Central Railroad Company of Pennsylvania v. Pennsylvania


No. 400


Argued March 20, 1962
Decided June 25, 1962
370 U.S. 607

APPEAL FROM THE SUPREME COURT OF PENNSYLVANIA

Syllabus

Appellant is a Pennsylvania corporation authorized to operate a railroad only within Pennsylvania and having no tracks outside of Pennsylvania. It owned freight cars which were used in ordinary transport operations in three ways: (1) by appellant on its own tracks in Pennsylvania; (2) by a New Jersey railroad on fixed routes and regular schedules over that railroad’s tracks in New Jersey; and (3) by many other railroads on their own lines in various parts of the country. Pennsylvania levied an annual property tax on the total value of all freight cars owned by appellant, and appellant challenged its right to do so under the Commerce Clause and the Due Process and Equal Protection Clauses of the Fourteenth Amendment.

Held:

1. Appellant could not avoid imposition of Pennsylvania’s tax on the full value of its freight cars merely by proving that some determinable fraction of them were absent from the State for part of the tax year. It must sustain the burden of proving that some determinable portion of them may be similarly taxed in another State.
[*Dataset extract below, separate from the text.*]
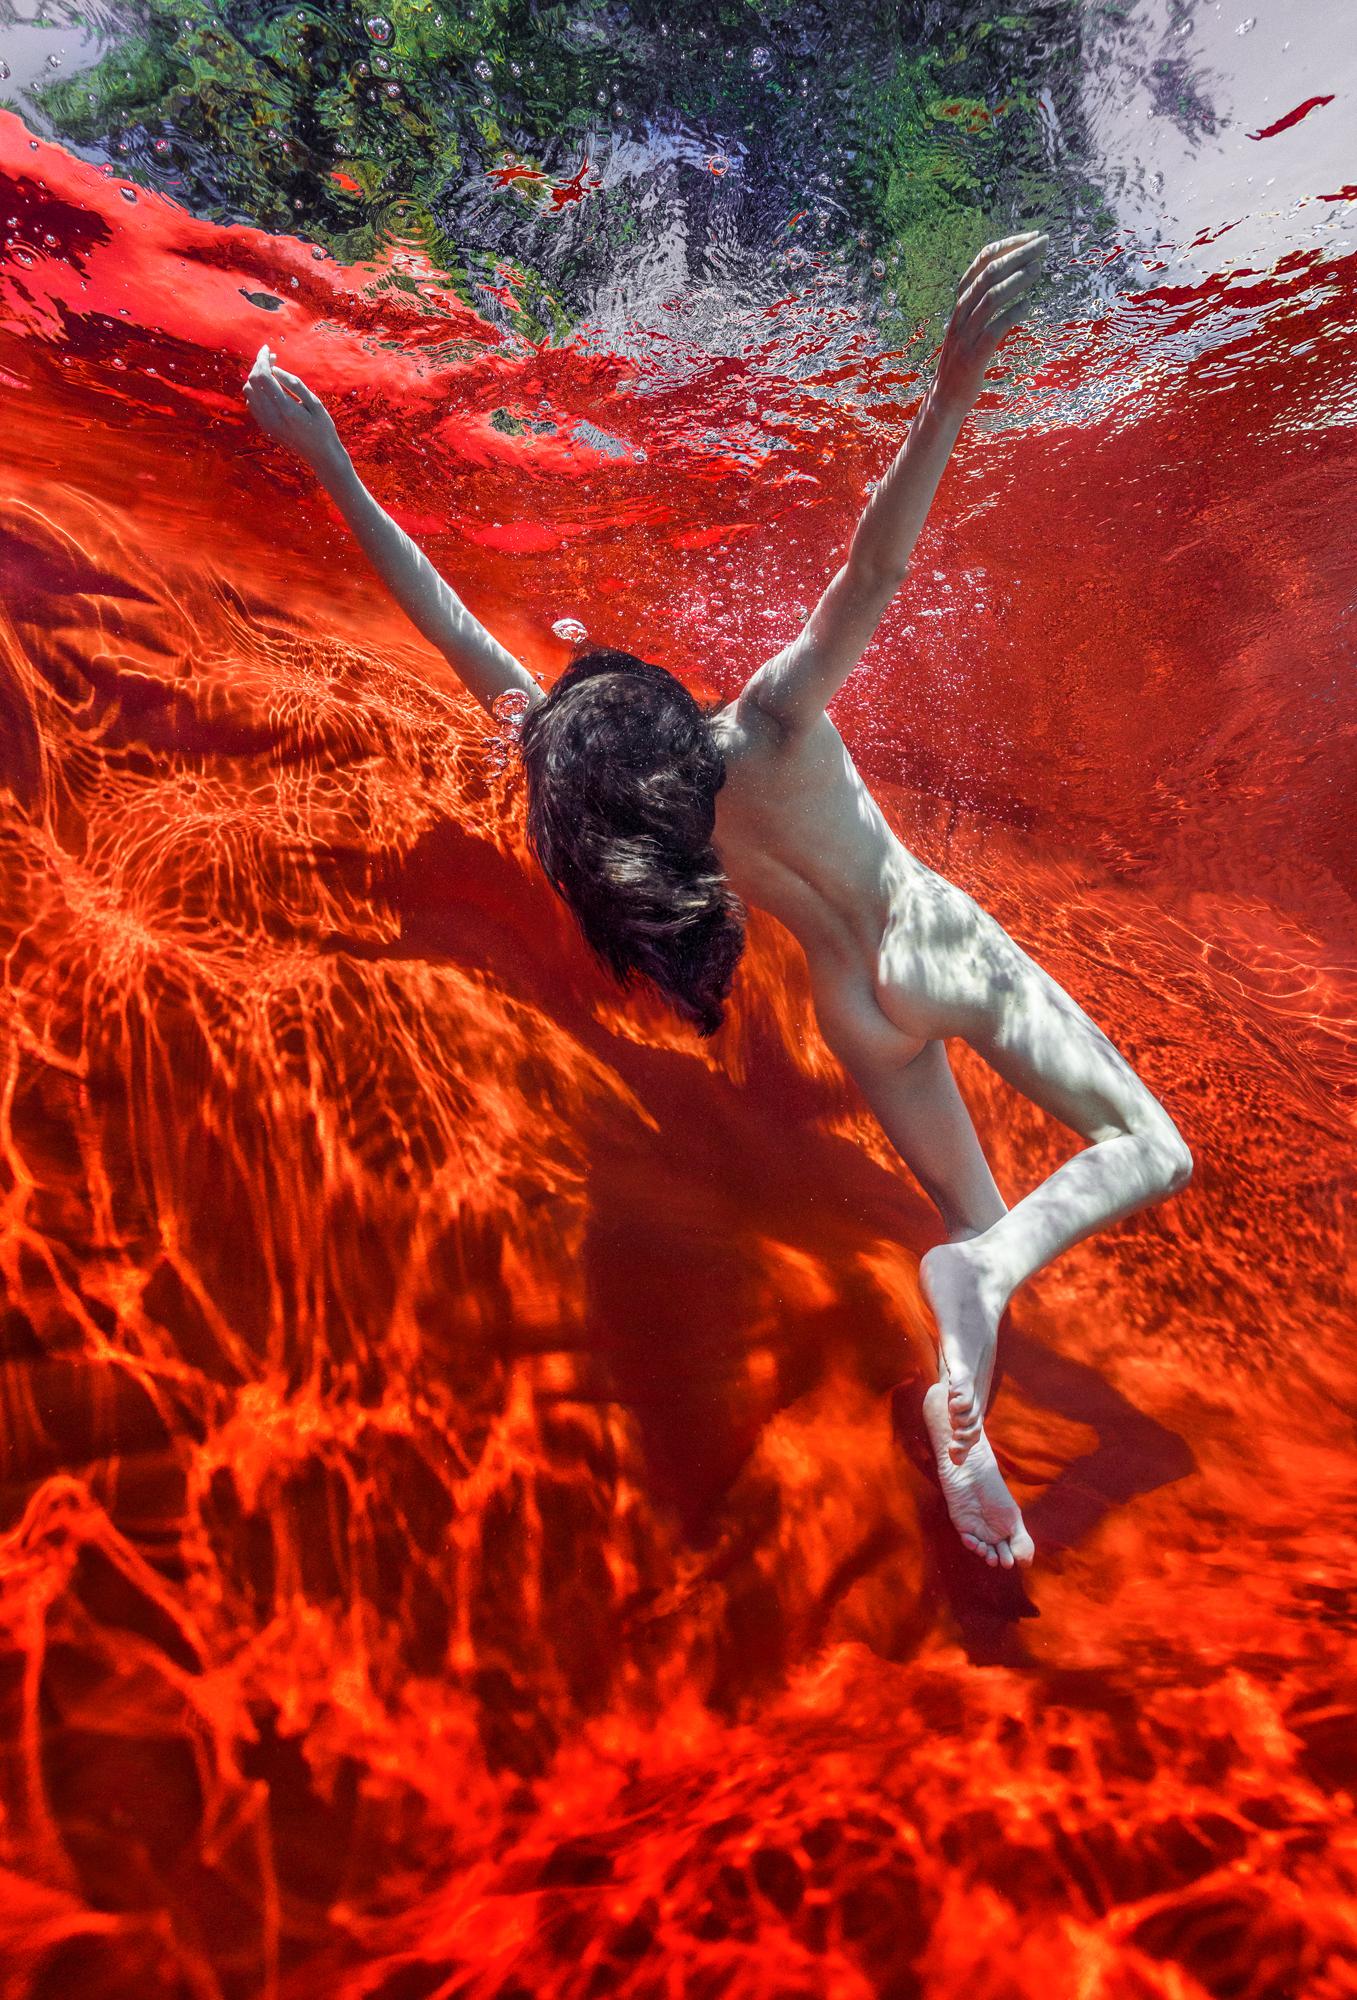 Alex Sher Color Photograph - Hot Water - underwater nude photograph - print on aluminum 36" x 24"

Pp. 611-613.

2. Appellant’s freight cars that had been run habitually on fixed routes and regular schedules over the lines of the New Jersey railroad in New Jersey were subject to the imposition of an apportioned ad valorem tax by the State of New Jersey, and consequently the daily average of appellant’s freight cars located on the New Jersey railroad’s lines during the tax year could not constitutionally be included in the computation of this Pennsylvania tax. Pp. 613-614.
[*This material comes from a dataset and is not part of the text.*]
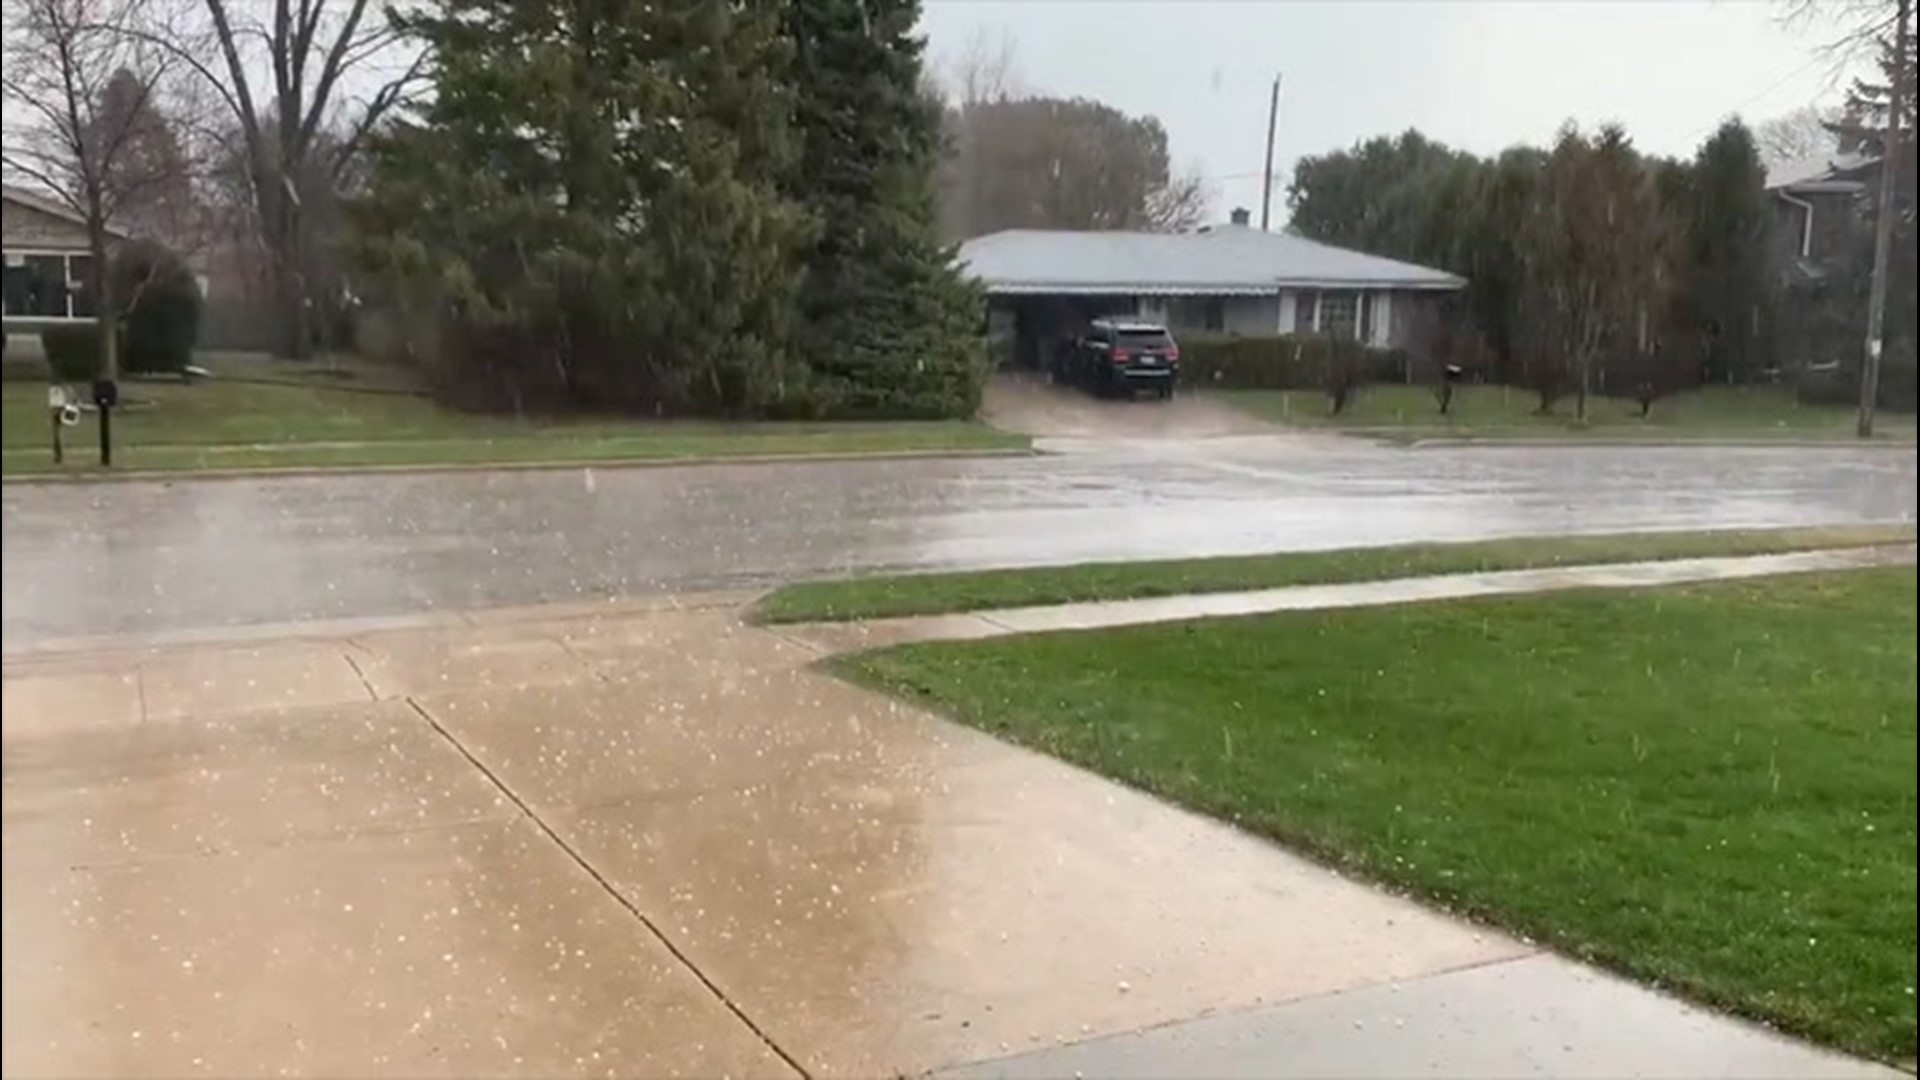 Grafton, Wisconsin, was hit with some heavy hail on Tuesday, April 7.

3. On the record in this case, Pennsylvania could constitutionally tax at full value the remainder of appellant’s fleet of freight cars, including those used by other railroads in other States, since appellant has failed to sustain its burden of proving that a tax situs had been established elsewhere with respect to such cars. Pp. 614-617.

4. For the purposes of this tax, Pennsylvania could differentiate between railroads having tracks which lay only within its borders and those whose tracks were located both within and without the State, since such a classification would be reasonable and would not violate the Equal Protection Clause of the Fourteenth Amendment. Pp. 617-618.

403 Pa. 419, 169 A.2d 878, affirmed in part and reversed in part.